The Real Truth Project: Notes From the Radical Center
Posted: June 28, 2011 Filed under: News Leave a commentThe Real Truth Project / Hal Morris
Notes From the Radical Center
Posted by ontologicalcomedian
One problem with the idea of “Radical Center” or “Radical Middle” is that there are too many radical centers. A lot of people have taken up one or the other as a slogan (or “brand”, I might say — but I’d rather not).
The feeling of belonging to one or another side of a momentous conflict is so seductive and feels so natural and right. I think it is a sort of feeling of “coming home” and being “at home”. Our true home, however, the environment to which we seem best fitted, is the Stone Age, and we can never get back there.

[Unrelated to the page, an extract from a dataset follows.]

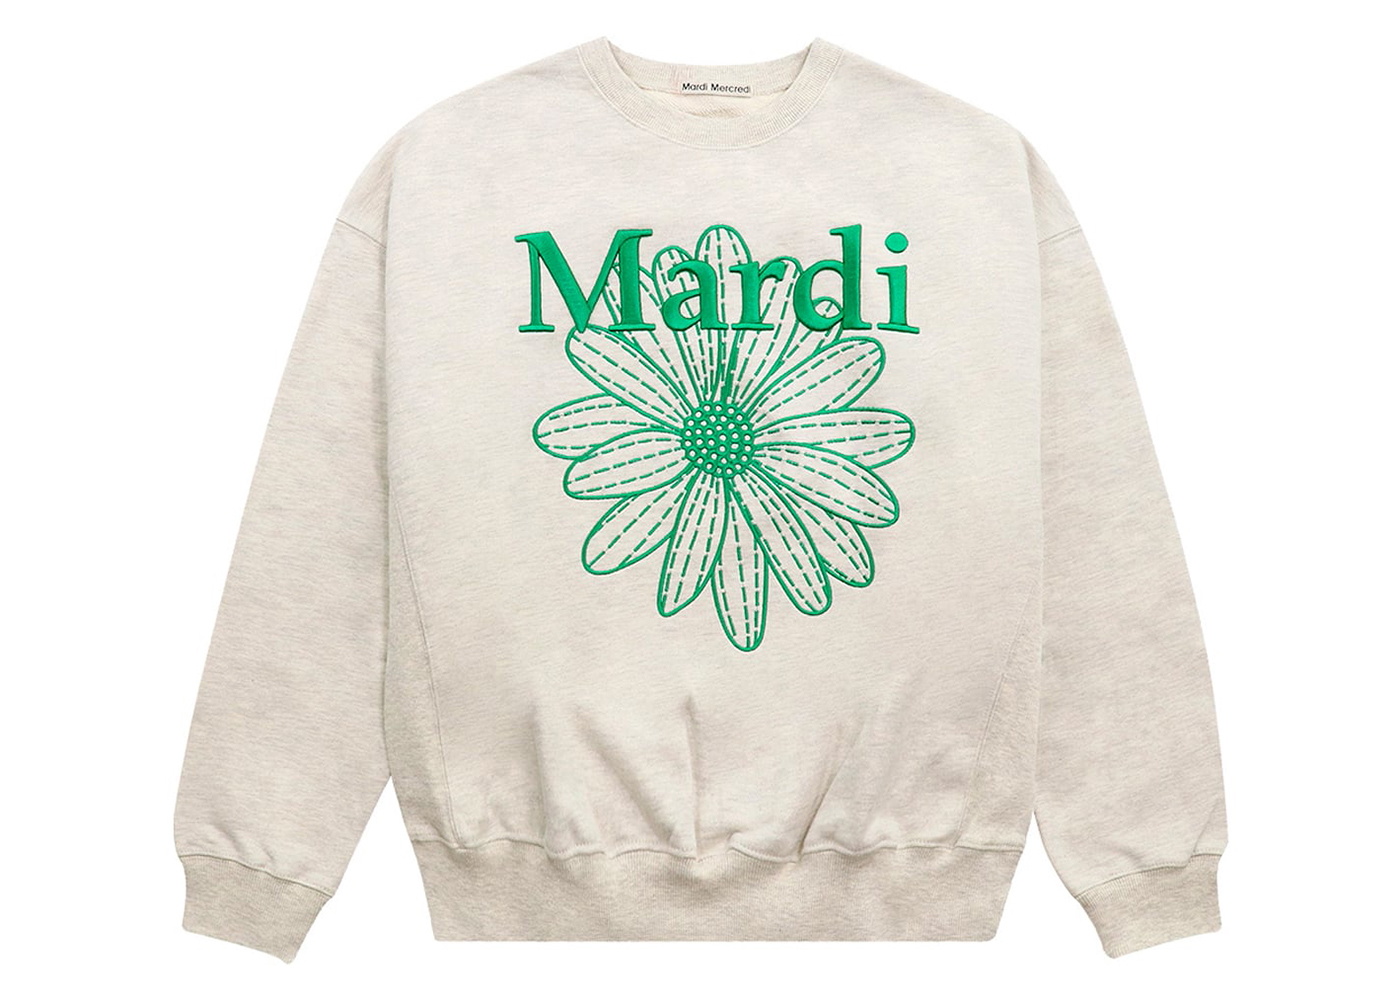 Mardi Mercredi Flower Sweatshirt Navy/Violet - FW23 - US

To be blunt, there is something about being, or thinking we are, on one side of a momentous conflict that tends to make us stupid. It is so much more comfortable to feel one belongs to the Donkey Clan with its long history of standing up to (and sometimes dominating) the Elephant Clan — or vice versa belonging to the Elephant Clan etc.
Or, belonging to the clan of progress, of throwing off old prejudices or its opposite, the clan of opposition to the insane/wicked/dangerous/… direction that the world will go in if we don’t stop and look to the past. I am trying to describe both clans as they would tend to describe themselves (something rarely done), rather than trying to define both sides from within one of them.
So my “standing for the center” is a shorthand for saying I above all distrust, the standard extreme positions the place and time I live in, and would recommend this sort of critical attitude to those in other times and places.
Also, any pure and simple ideology that fails to ask, when in power, “Is this really working?” is likely to become dangerous. So whenever we perceive ideologies tending to make people blind to reality, that is something that should be addressed with passion by my ideal radical centrist.
While I don’t believe in “triangulation” and consider it mostly a standard slander that extremists use against centrists, I do put a lot of stock in respectful argument. It may lead to mere compromise, but ideally it may also lead to the right approach for the circumstance. It is almost always safe to say that either side of any broad dichotomy can be right sometimes and wrong other times. Whether it is no taxes and shrinking government vs using government in various ways and someone having to pay for it; whether it is internationalism vs isolationism, or unilateralism vs consensus and alliance building, or freedom vs restraint, I say both sides of every pair is right some of the time, and it is when both sides tend to argue respectfully that we are most likely to see government grow when it is needed in some way, and pruned when functions that are no longer useful; to use force when appropriate and only when appropriate and to balance freedom and independence with the broadest practical spread of general well-being, and sufficiently equal opportunities to not end up with a de facto caste system.
When in place of mutual respect, there is each side demonizing the other, or the sort of “party discipline” that leads to “winner take all” government, then we get a dangerous sort of lurching back and forth between extreme options, and projects that take time and consistency to succede are started and abandoned, causing wasted time, money, and too often lives.